How does ‘Sharia Finance’ Differ From Regular Lending


Sharia banks operate very differently than regular banks, especially when it comes to loans and interest.

Sharia finance refers to banking activity which is consistent with Islamic Law. There are many ways that Sharia financial practices are different from regular lending, such as the way Islamic banking regulates loans. Just as first time buyer mortgages are aimed at a particular demographic, Islamic finance is aimed at a particular niche, however it is one that is attracting attention from outside of that.

In many ways, Islamic banking operates on the same principles as conventional banking: the banks make money by lending out their capital. One of the major differences is that Sharia banking rules forbid the payment of interest on loans of money. Since the bank cannot make money by charging interest on its loans, there are other rules which avoid this problem. In Sharia banking various other principles are used to share the profit and loss.

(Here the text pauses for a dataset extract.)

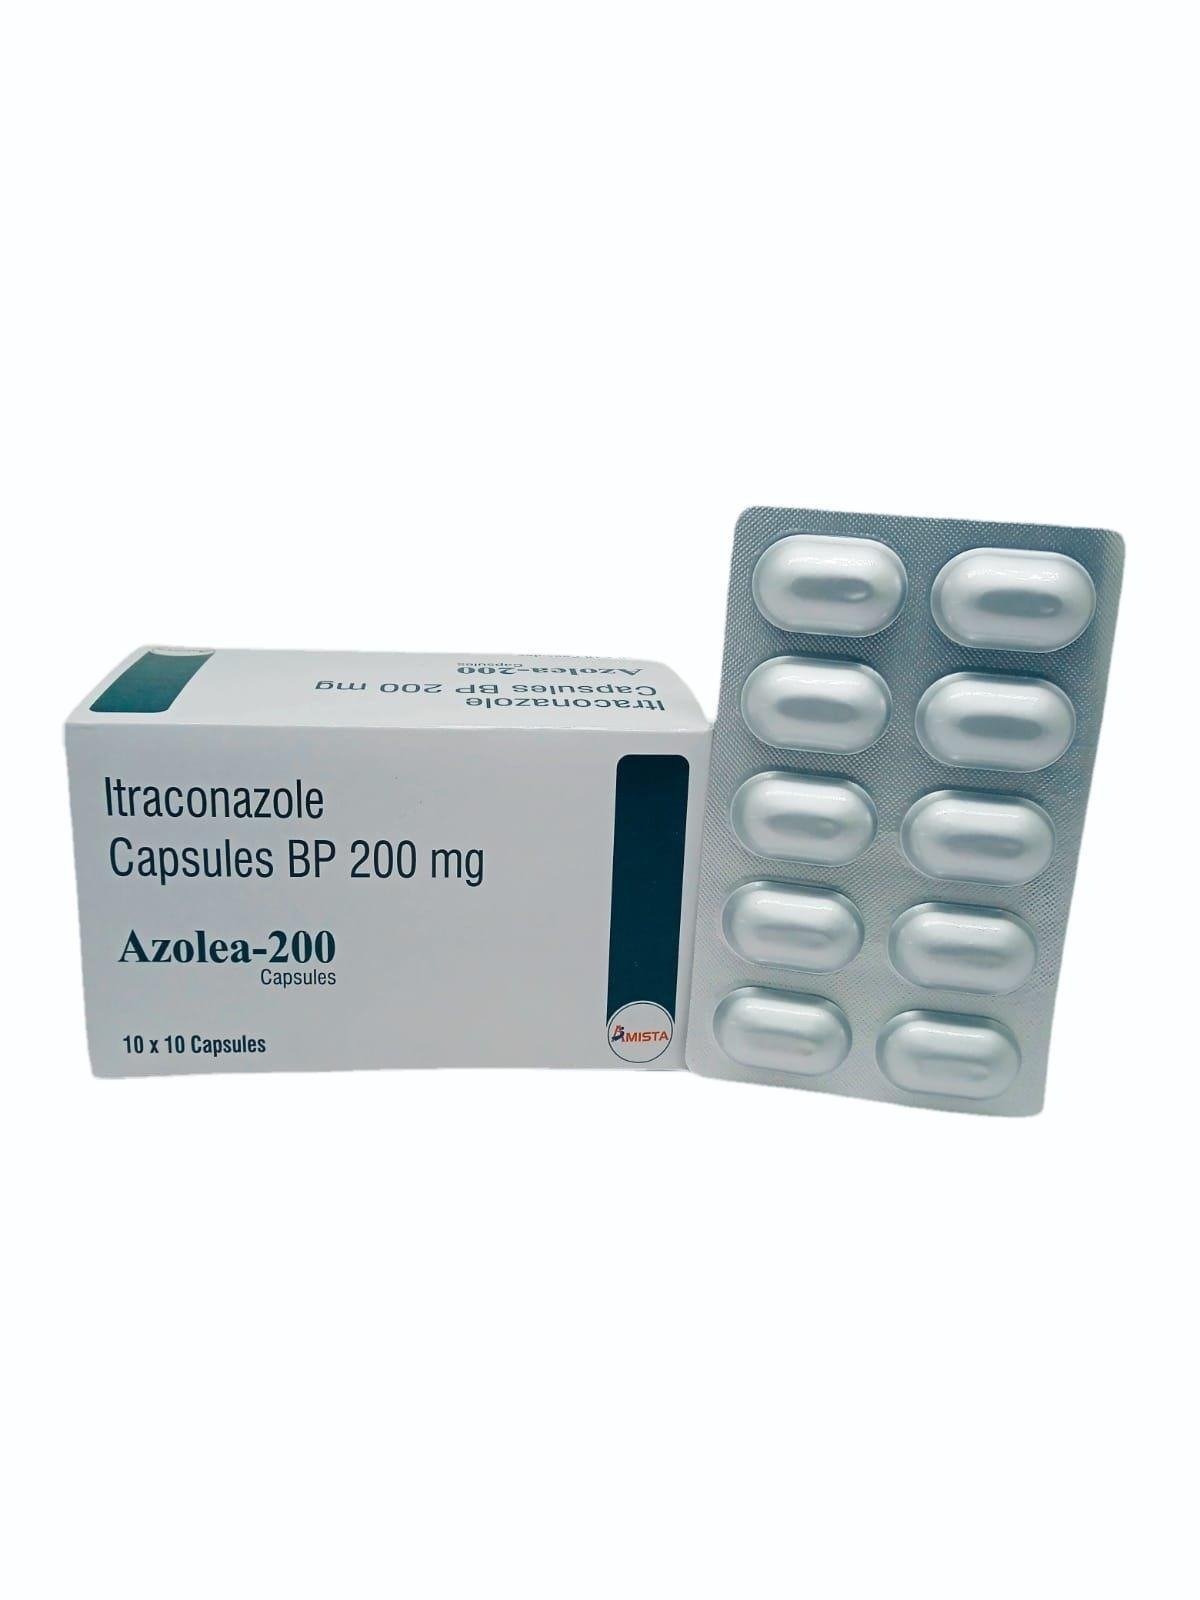 Azolea-200 Capsules

How Does a Sharia Loan Work?

To explain how a loan would work in accordance to Islamic law, we will use the example of a mortgage. If you were to apply for a Sharia mortgage, rather than loaning you the money to purchase your home the bank would instead buy the home from the seller and re-sell it to you at a profit. You would be allowed to buy the home from the bank in installments. There would be no penalties for late payment, because the bank’s profit would not be allowed to be made explicit. However, so that the bank can protect itself in the event that you decide not to pay, they can ask you to give them collateral. This is also the way that a Sharia bank would handle a car loan, by purchasing the vehicle first and then selling it to you.

Another interesting approach offered by some banks is known as Musharaka al-Mutanaqisa. This type of loan allows for you and the bank to purchase a property together at an agreed upon percentage. You then rent this property from the “partnership”. You and the bank share the proceeds from your rent according to the equity share in the property. Over time, you pay for the bank’s share of the property by paying periodic installments until eventually the full equity of the home is transferred over to you. If you default on this type of loan, both you and the bank will receive a proportion of the proceeds based on your current equity share.


Another aspect of Sharia banking is the practice of “wadiah”. There is no interest paid in the same way that regular banks do on savings accounts. However, it is acceptable for the bank to give its customers a “gift” known as a “hibah” after keeping their funds in the bank for a certain amount of time.

Each “Sharia” bank is governed by an official Sharia Advisory Board, which is made up of Islamic scholars, experts and clerics who will ensure that all of the bank’s practices are in compliance with Islamic law.